Cooperation on technological standards for digital identities and the Internet of Things were also identified as “additional areas of interest” that the two parties will explore. Common approaches towards next-generation networks like 6G were also noted to be “particularly relevant”. A more comprehensive list of priority areas for technology standards cooperation will be revealed by the end of this year, according to the joint statement. 

In the field of artificial intelligence, a shared repository of “metrics and methodologies” to measure AI trustworthiness was announced to assess the technical requirements for such systems and bias mitigation. Plans for the development of interoperable approaches for managing AI risks were also mentioned, with the aim of enabling “globally beneficial products and services”. A joint roadmap on these plans will be shared at the next TTC Ministerial Meeting and will reportedly include the perspectives of stakeholders from civil society groups, academia and the private sector. 

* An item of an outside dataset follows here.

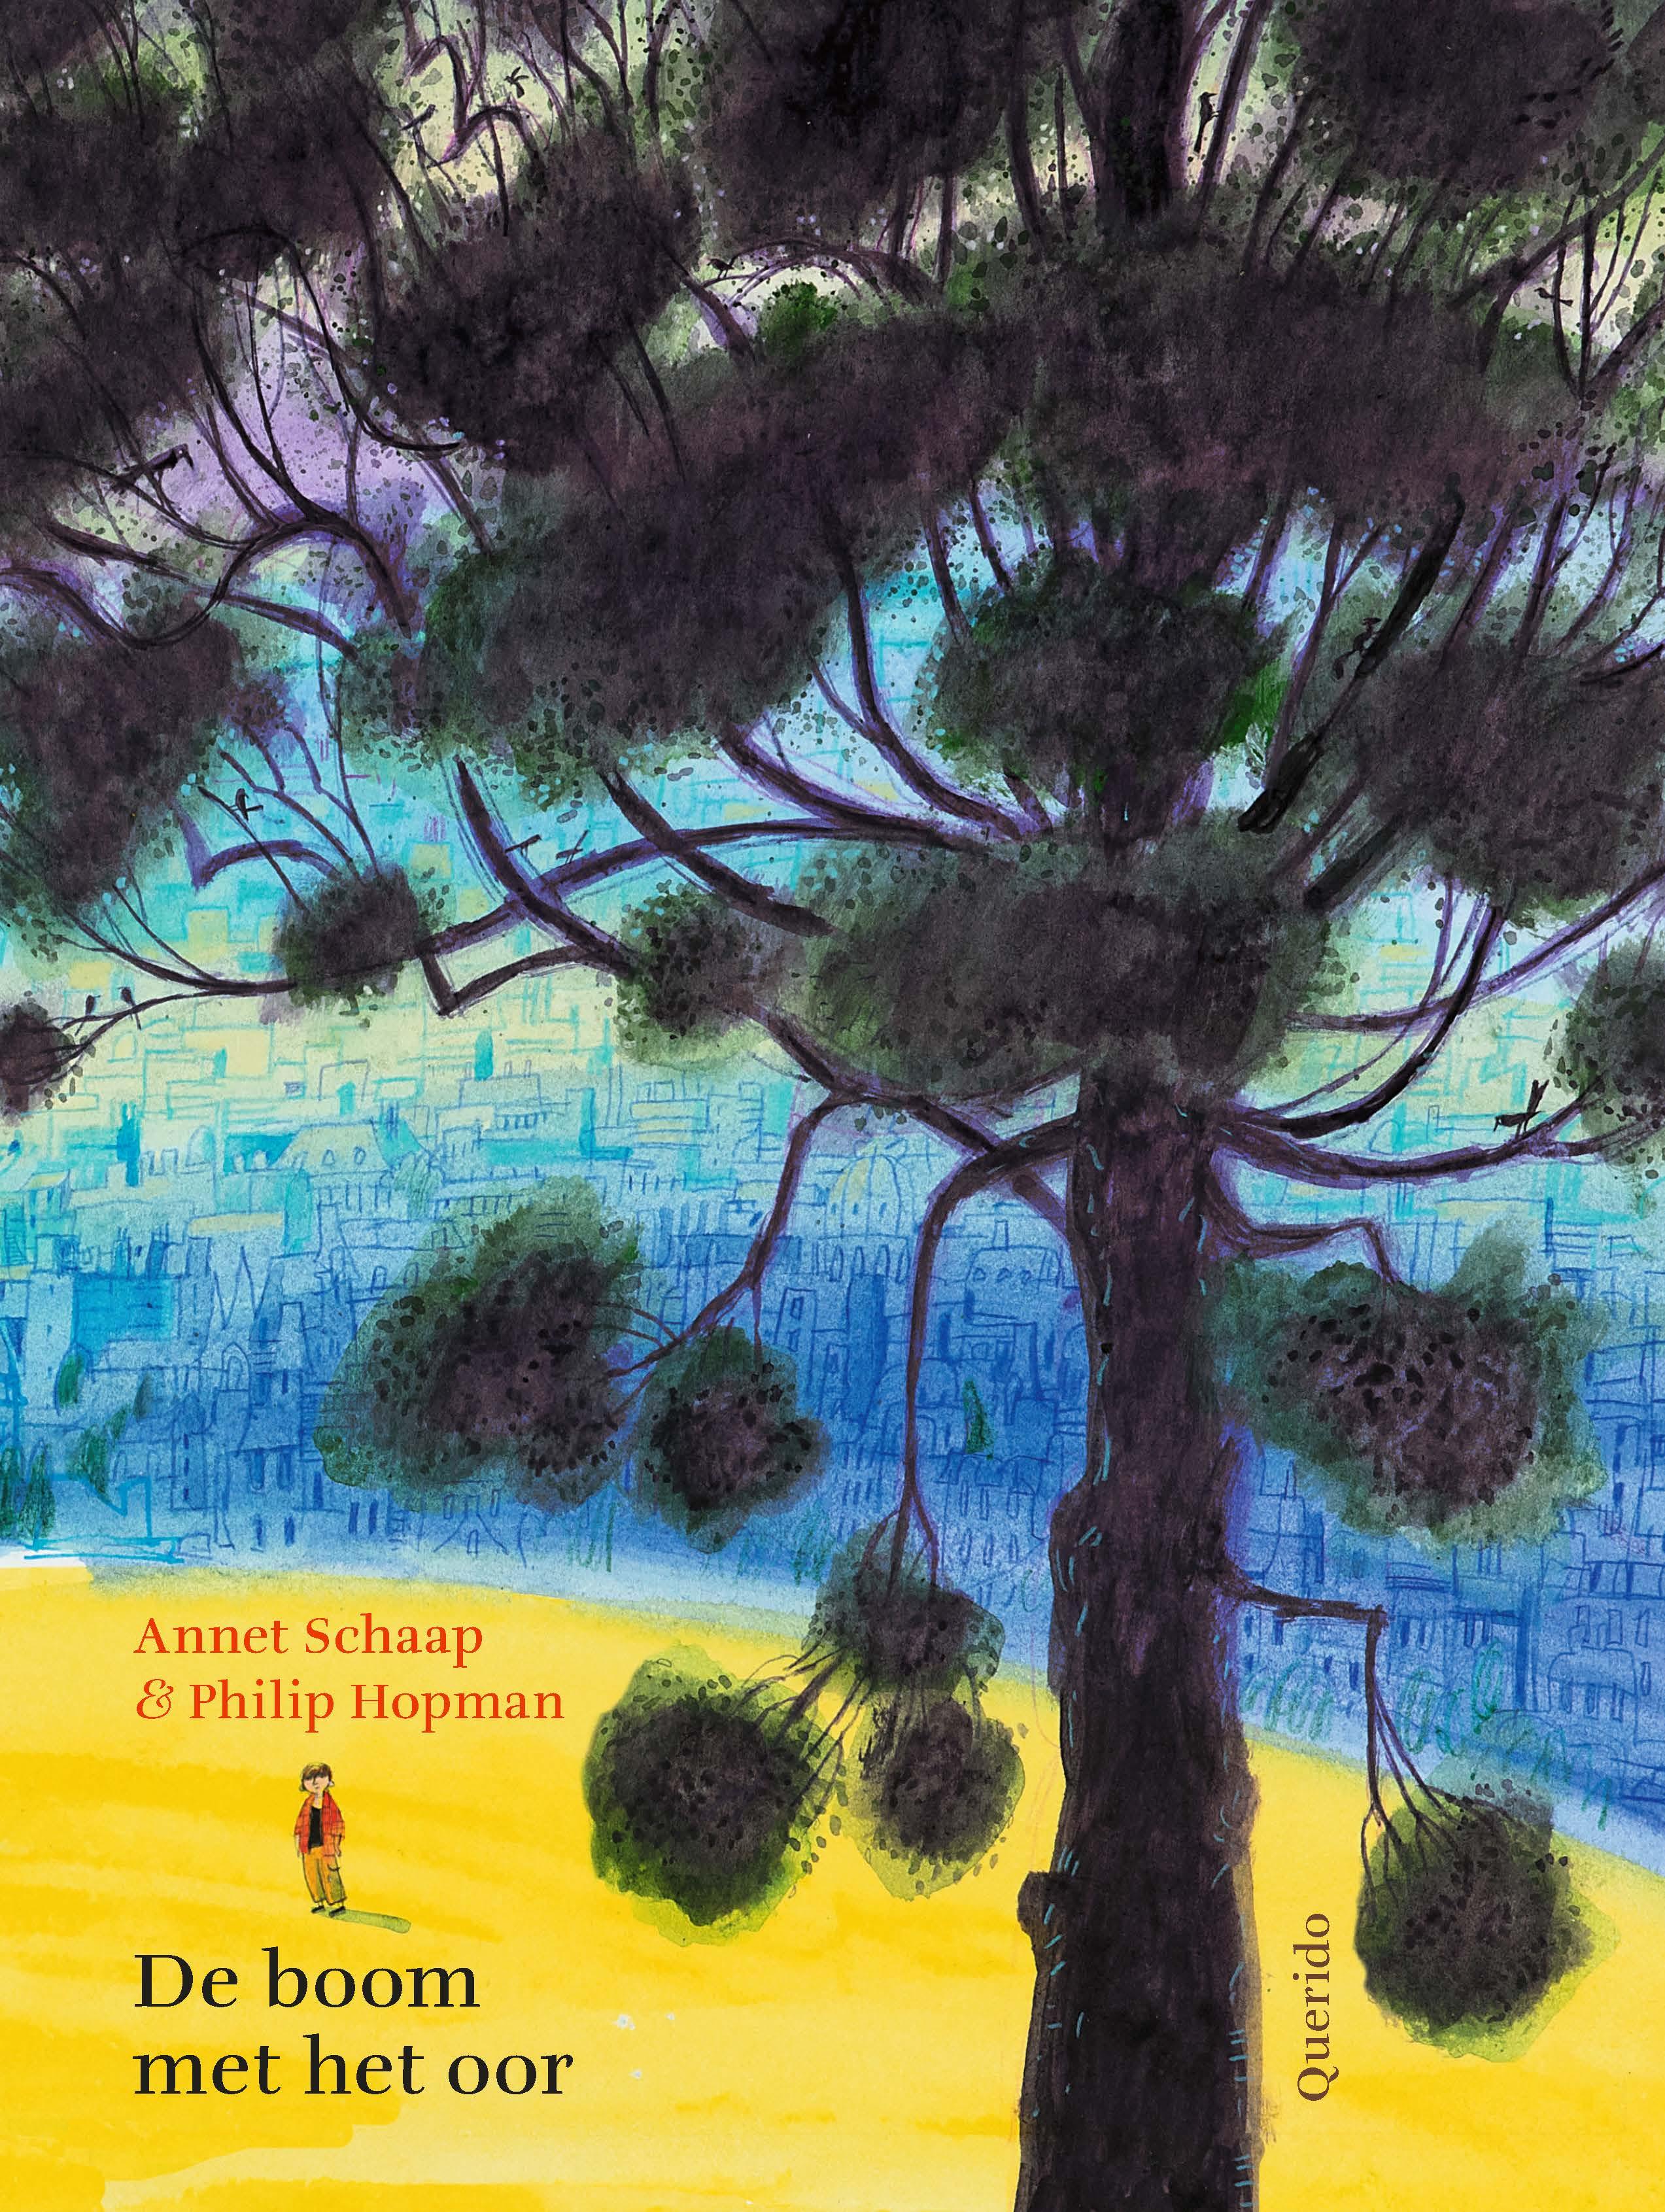 cover van De boom met het oor, prentenboek van Annet Schaap en Philip Hopman

In what could be seen as a thinly-veiled barb directed at China, the statement also announced that the European Commission has begun research into the risks involved in AI-driven social scoring systems and “possible mitigation steps”. China uses such a system to score citizens on their supposed “trustworthiness”, but last year signed a United Nations pledge which aims to ban such practices.

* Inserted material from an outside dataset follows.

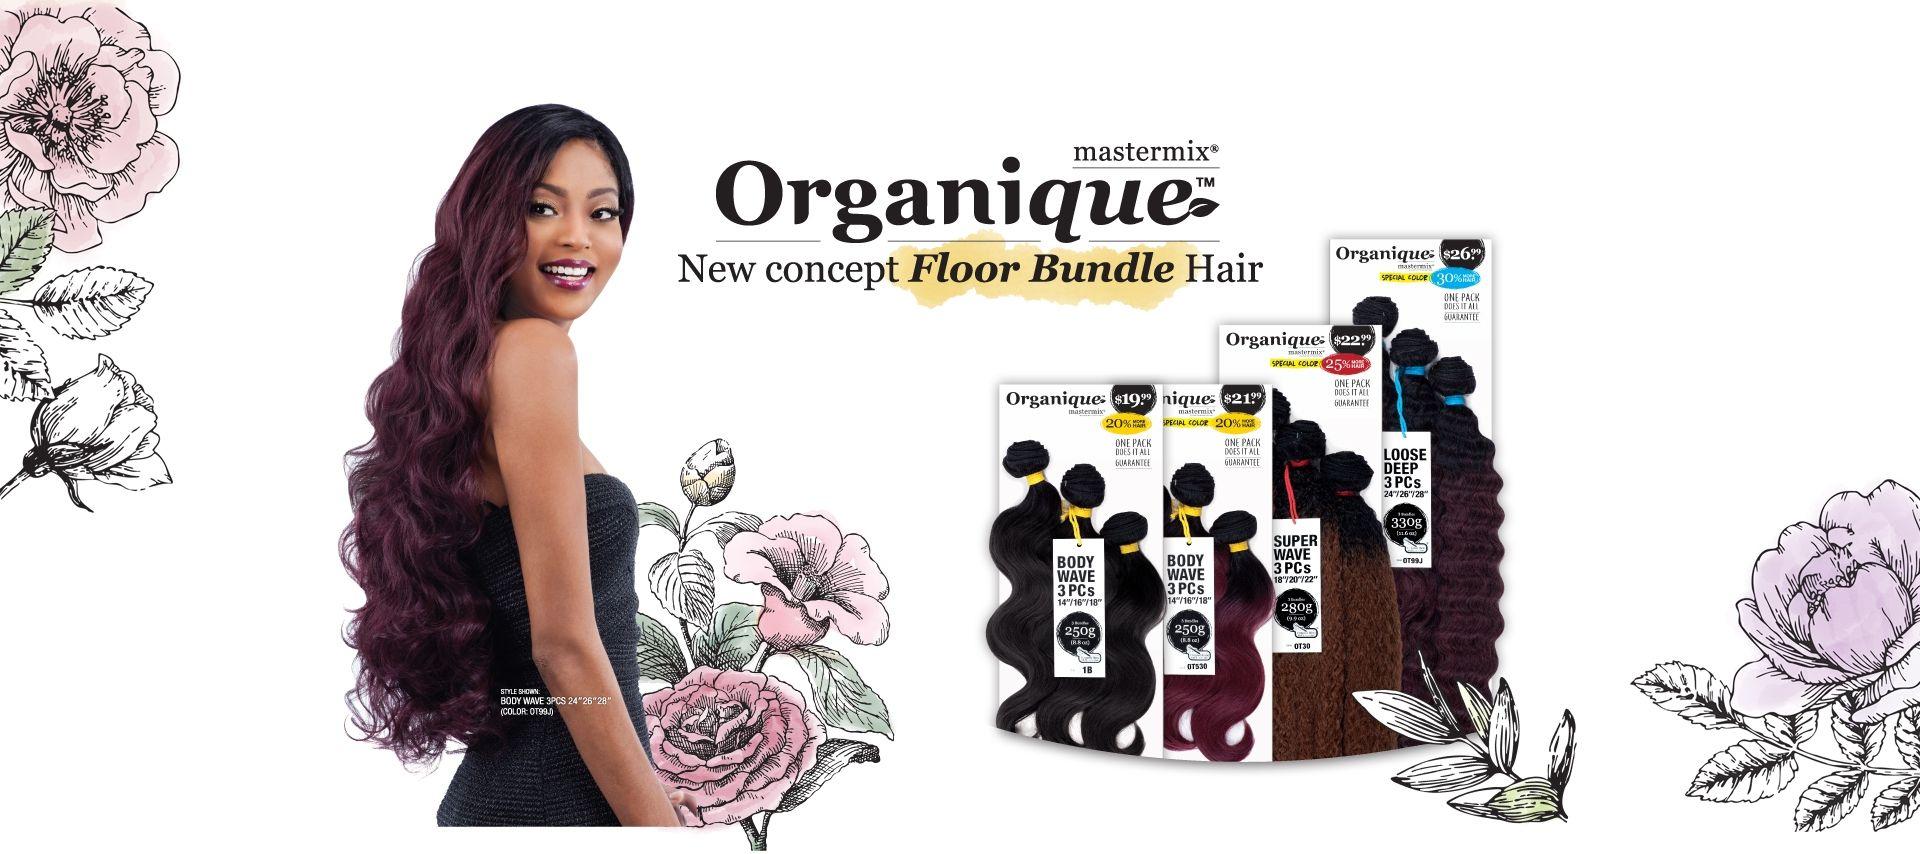 Home - Shake-N-Go Fashion, Inc. | Diy wig, Twist braids

The ongoing semiconductor shortage was also high on the agenda, as the two parties revealed plans for a common early-warning mechanism to monitor possible supply chain disruptions. Various US government agencies and the European Commission will participate in a two-month pilot to develop such a system and would involve fortnightly meetings to discuss potential risks, while “ad-hoc” meetings could be set up in the event of “unexpected scenarios”. 

In a call with journalists, a senior US administration official did not provide a timeline for the establishment of the early warning system, but said that the several embassies in Southeast Asia had begun work last year to track key “semiconductor-oriented production sites” in the region to understand when disruptions might happen. “This is really a chance for us to expand that work and multilateralise it with our European partners,” the official said.